Врожденная ли впечатлительность и самоуглубление или любовь к рассказам о сверхъестественных силах и явлениях, о чарах, скрытых в природе, необыкновенно развили в девочке воображение. Когда ей уже было лет пятнадцать, она ночью ходила в лес отыскивать цвет папоротника для того, чтобы с его помощью облететь весь мир и посмотреть, что в этом мире делается. Особенно ее тянуло в те неведомые страны, где, по народным рассказам, томились на «турецких галерах» козаки-невольники, думу о которых она никогда не могла слышать без того, чтобы в конце концов не разрыдаться. Судьба невольников не выходила у нее из головы с тех пор, как она в первый раз услыхала думу «про Марусю Богуславку». Это было в Батурине, когда Мотреньке не было еще десяти лет. На первый день Пасхи, когда Мотренька восхищалась надаренными ей разными «писанками» да «крашанками», на двор к ним прибрел старый слепой лирник и, усевшись под забором, запел под однообразное треньканье бандуры тоскливое причитанье про Марусю Богуславку. Мотренька стояла в стороне и жадно слушала незнакомую ей думу. Немного поодаль стояли другие слушатели – домочадцы Кочубеев, преимущественно «жиночки», «дивчата» да «дитвора». Тут же была и Устя, старая нянька Мотреньки, «удова старенька», как она себя называла, большая фантазерка-баба, воображавшая, что она та «удовиця», об которой поется в думах и у которой был сын «удовиченко», хотя этот сынок был большой «гульвиса» и лентяй, за что Кочубеиха и сослала его на хутора – пасти конский табун. Это-то обстоятельство и заставило Устю воображать, что сынок ее в турецкой неволе, за синими морями, за быстрыми реками.

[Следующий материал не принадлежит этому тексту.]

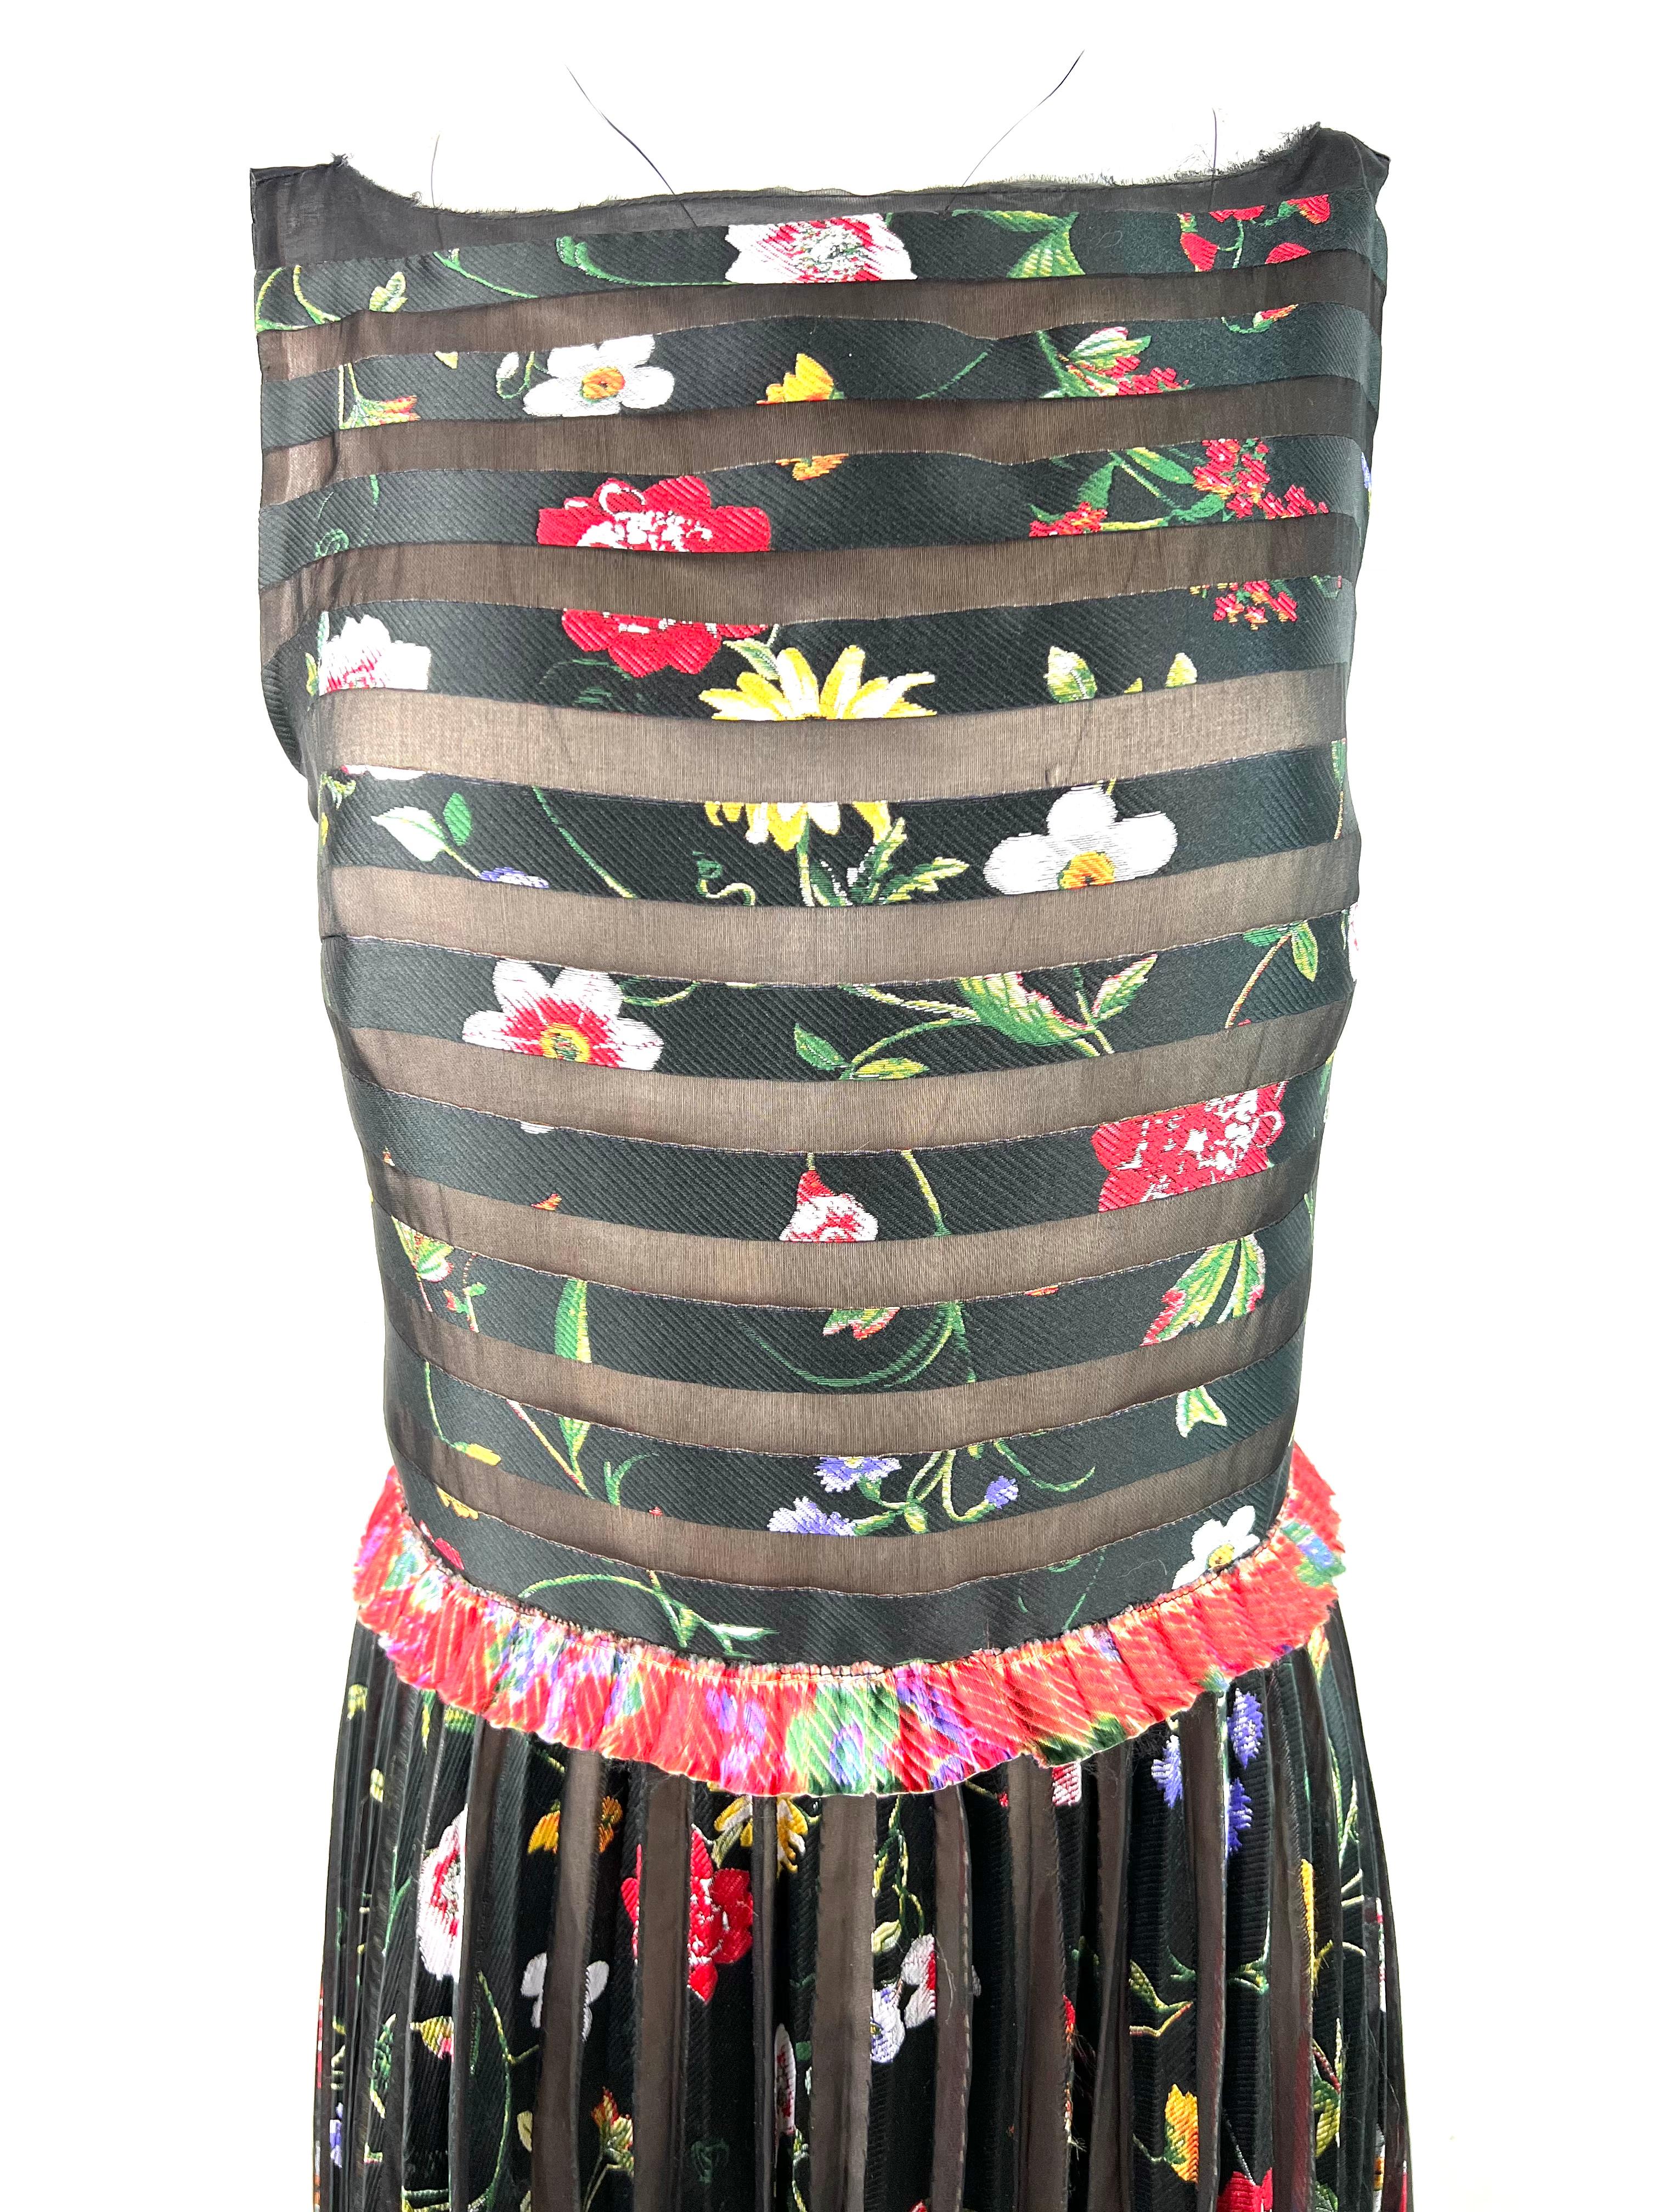 Einzelheiten zum Produkt:

Das Kleid hat einen ärmellosen Stil mit mehrfarbigem Blumen- und Streifenmuster und ist bodenlang.

– Яку ты се, дидушка, проказати хочешь? – спросила Устя, когда лирник настроил свою бандуру и жалобно затренькал.

– Та великодну ж, люде добри, – отвечал лирник, не поднимая своего слепого лица, – бо сегодня, кажут люде, святый Великдень.

– Та Великдень же, старче Божий.

– Так и я великоднои…

Старик откашлялся, пробежал привычными пальцами по струнам и визгливым старческим голосом затянул:

 
Ой, що на Чорному мори.
Ой, що на билому камени,
Там стояла темная темниця.
Ой що у тий-то темници пробувало симсот козакив,
Бидных невольникив.
То вже тридцять лит у неволи пробувают,
Божого свиту, сонця праведного в вичи соби не видають…
 

И он поднял свои слепые глаза к небу, как бы желая показать, что он, слепорожденный, может созерцать «праведное солнце», а «бидни невольники» лишены и этого.

Глубоко подействовал припев на слушателей. Чем-то священным, казалось, веяло на них и от этих понятных всем горьких слов, и от этого скорбного, тихого треньканья. Мотренька вся задрожала, когда до слуха ее долетели слова: «тридцять лит у неволи…»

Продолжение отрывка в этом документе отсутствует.